The CERTFA team noted that this wasn't the first time that Charming Kitten managed to successfully hide links to spear-phishing websites behind Google URLs.

The company points to a previous report from January 2020, exposing a Charming Kitten operation that abused sites.google.com links.

 
This is Iran's comeback to Fakhrizadeh's assassination?

How lame.
 
Sorry but nobody can believe this BS.

USA can hack everybody because hardware and software that everybody use is MADE IN USA.

There is no magic, just factory hardware & software backdoors.

Iran doesnt manufacture hardware or software used by USA.
 
Sorry but nobody can believe this BS.

USA can hack everybody because hardware and software that everybody use is MADE IN USA.

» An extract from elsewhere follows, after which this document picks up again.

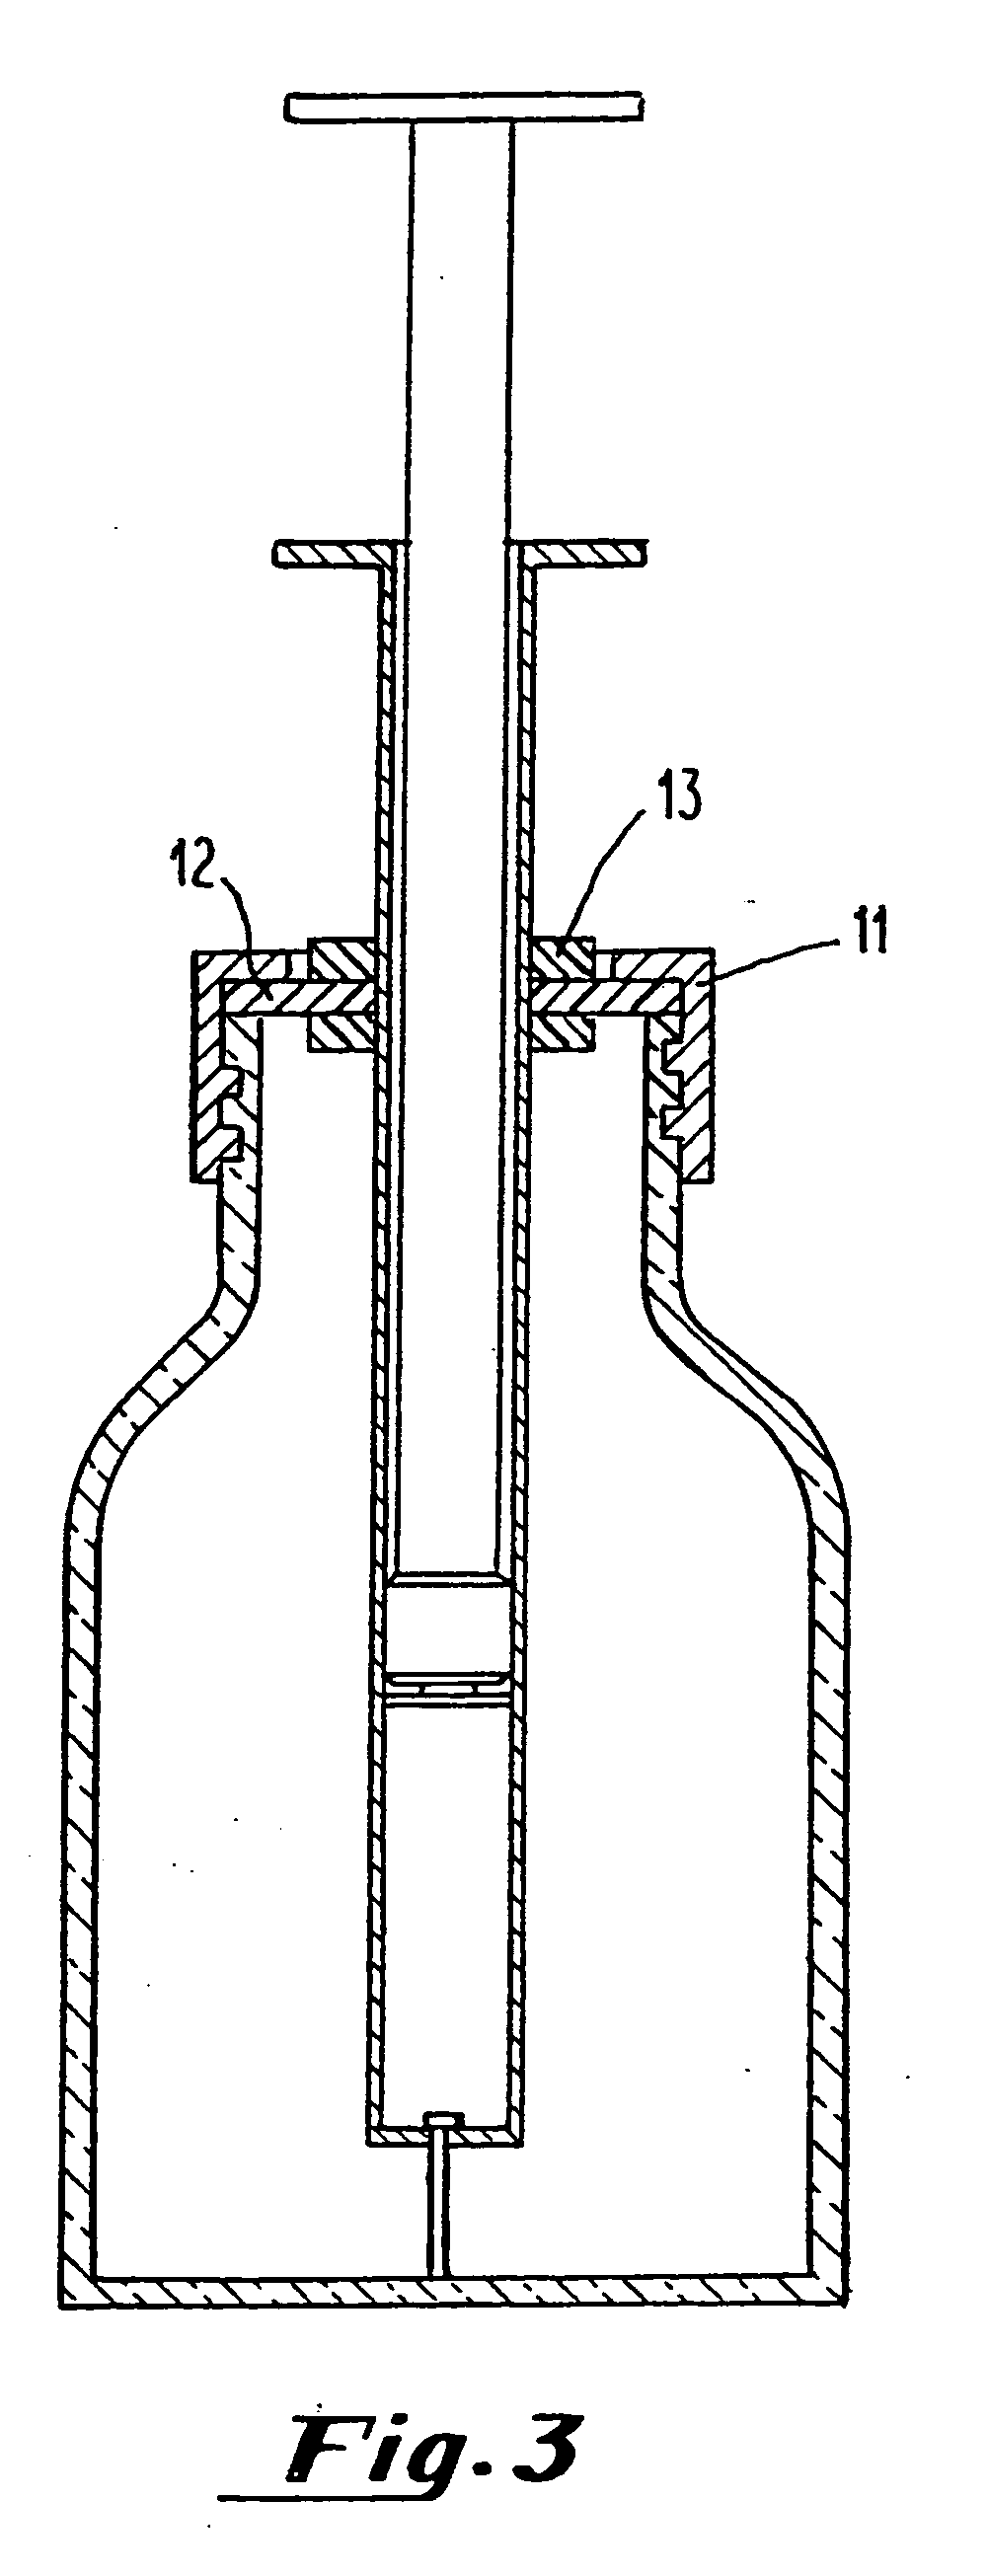 Methods and formulations for the efficient delivery of drugs by nebulizer

There is no magic, just factory hardware & software backdoors.

Iran doesnt manufacture hardware or software used by USA.
Yes, but the ability to launch cyber warfare is not the same as defending against it.
 
Yes, but the ability to launch cyber warfare is not the same as defending against it.

USA doesnt need to defend, because they are the manufacturers and they are the only ones who know all the backdoors in the hardware/software they sell.
 
USA doesnt need to defend, because they are the manufacturers and they are the only ones who know all the backdoors in the hardware/software they sell.

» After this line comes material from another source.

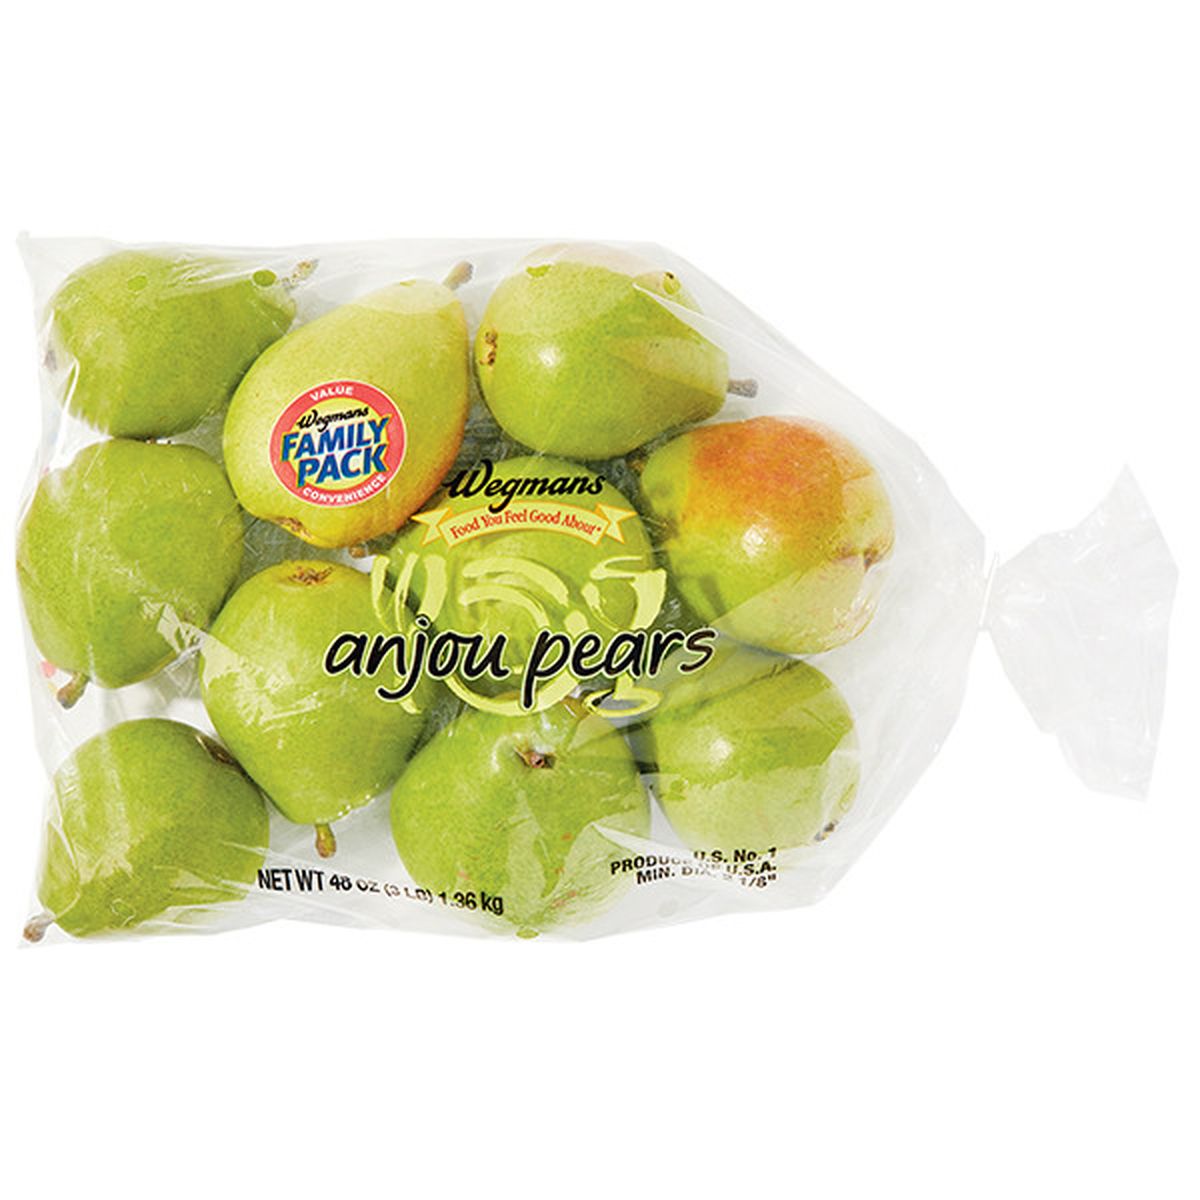 Calories in Wegmans Anjou Pears, FAMILY PACK

That is pure bullshit, I hope nobody is stupid enough to believe this snake oil
 
USA doesnt need to defend, because they are the manufacturers and they are the only ones who know all the backdoors in the hardware/software they sell.
That's not the way it works. Any web application can have security vulnerabilities, particularly in large projects where there are many contributors to the project. Websites like Google, Yahoo, Microsoft and others have been hacked and even defaced by script kiddies many times.
 
That's not the way it works. Any web application can have security vulnerabilities, particularly in large projects where there are many contributors to the project. Websites like Google, Yahoo, Microsoft and others have been hacked and even defaced by script kiddies many times.

Not only do they have vulnerabilities but these exploits are openly published for anyone to replicate, and many do take advantage of these exploits before they are patched.

However, this seems more advanced than that because it involves a level of deception that goes way beyond some basic exploit.
 
Not only do they have vulnerabilities but these exploits are openly published for anyone to replicate, and many do take advantage of these exploits before they are patched.

However, this seems more advanced than that because it involves a level of deception that goes way beyond some basic exploit.
Indeed. There are even websites for releasing security vulnerabilities and reporting them.